#### [Exercise]
Write out again, exactly, the lines below starting at the one with "Ira Sankey hymn: Only" and ending at the one with "Chanel Bleu De".

───── Provided entries

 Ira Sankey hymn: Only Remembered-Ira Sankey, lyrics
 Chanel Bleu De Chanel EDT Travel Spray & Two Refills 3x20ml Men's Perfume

──────────
───── Provided entries

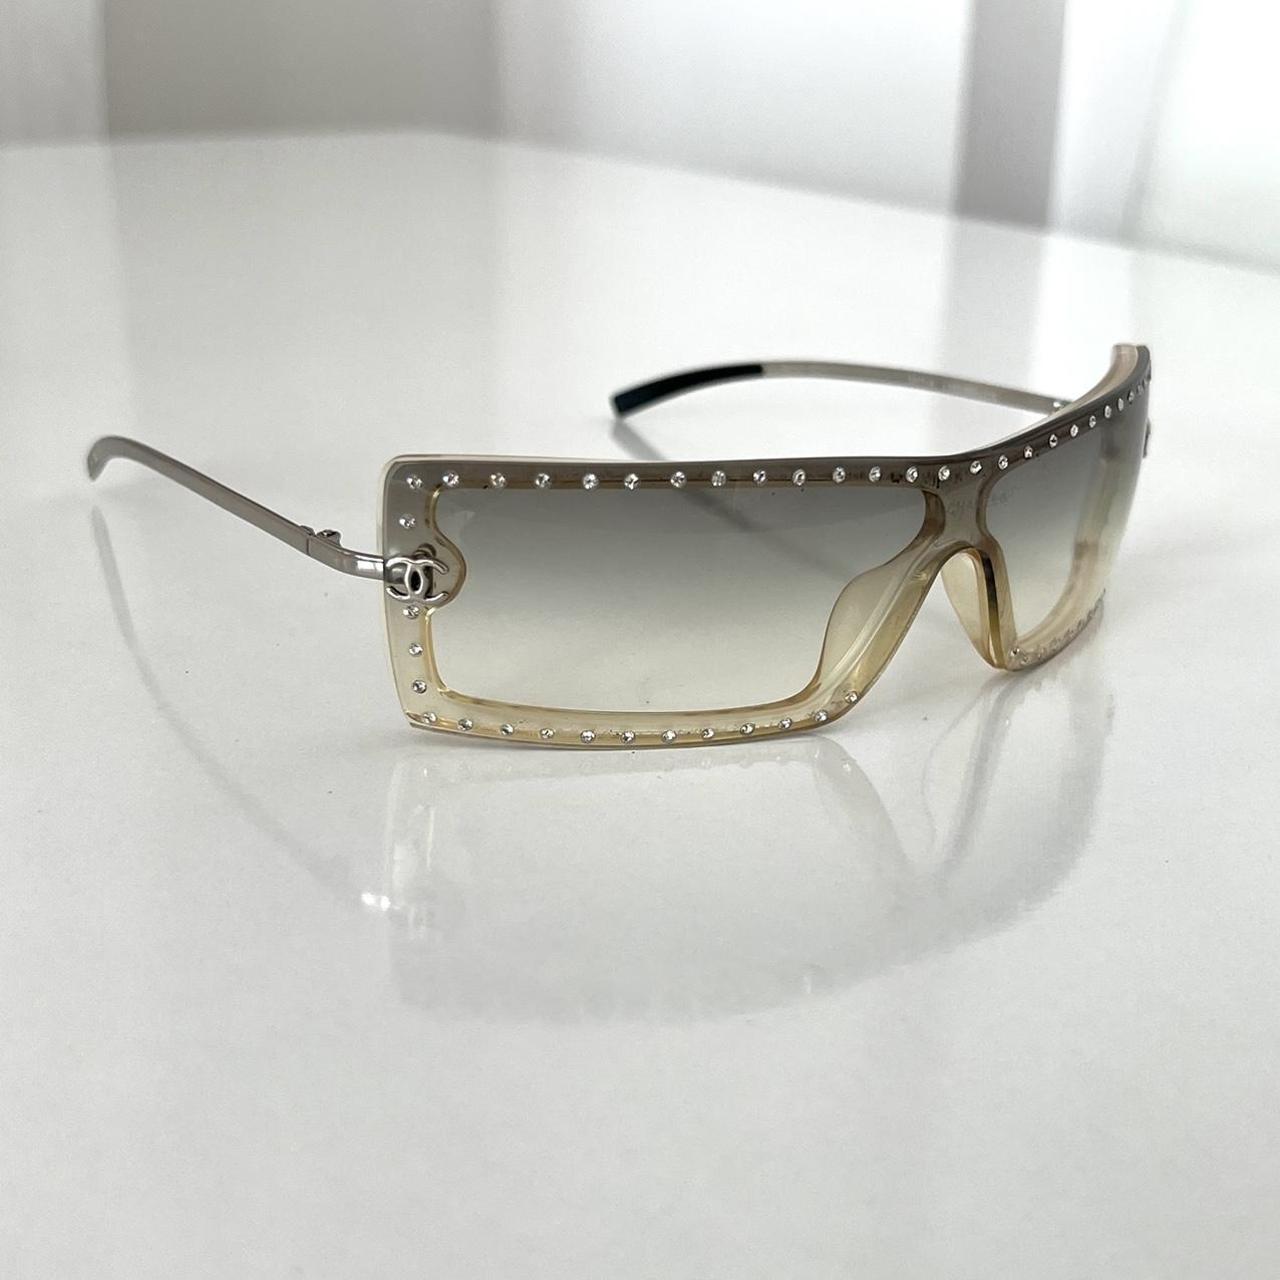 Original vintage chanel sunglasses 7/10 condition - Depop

──────────

#### [Written response]
 Ira Sankey hymn: Only Remembered-Ira Sankey, lyrics
 Chanel Bleu De Chanel EDT Travel Spray & Two Refills 3x20ml Men's Perfume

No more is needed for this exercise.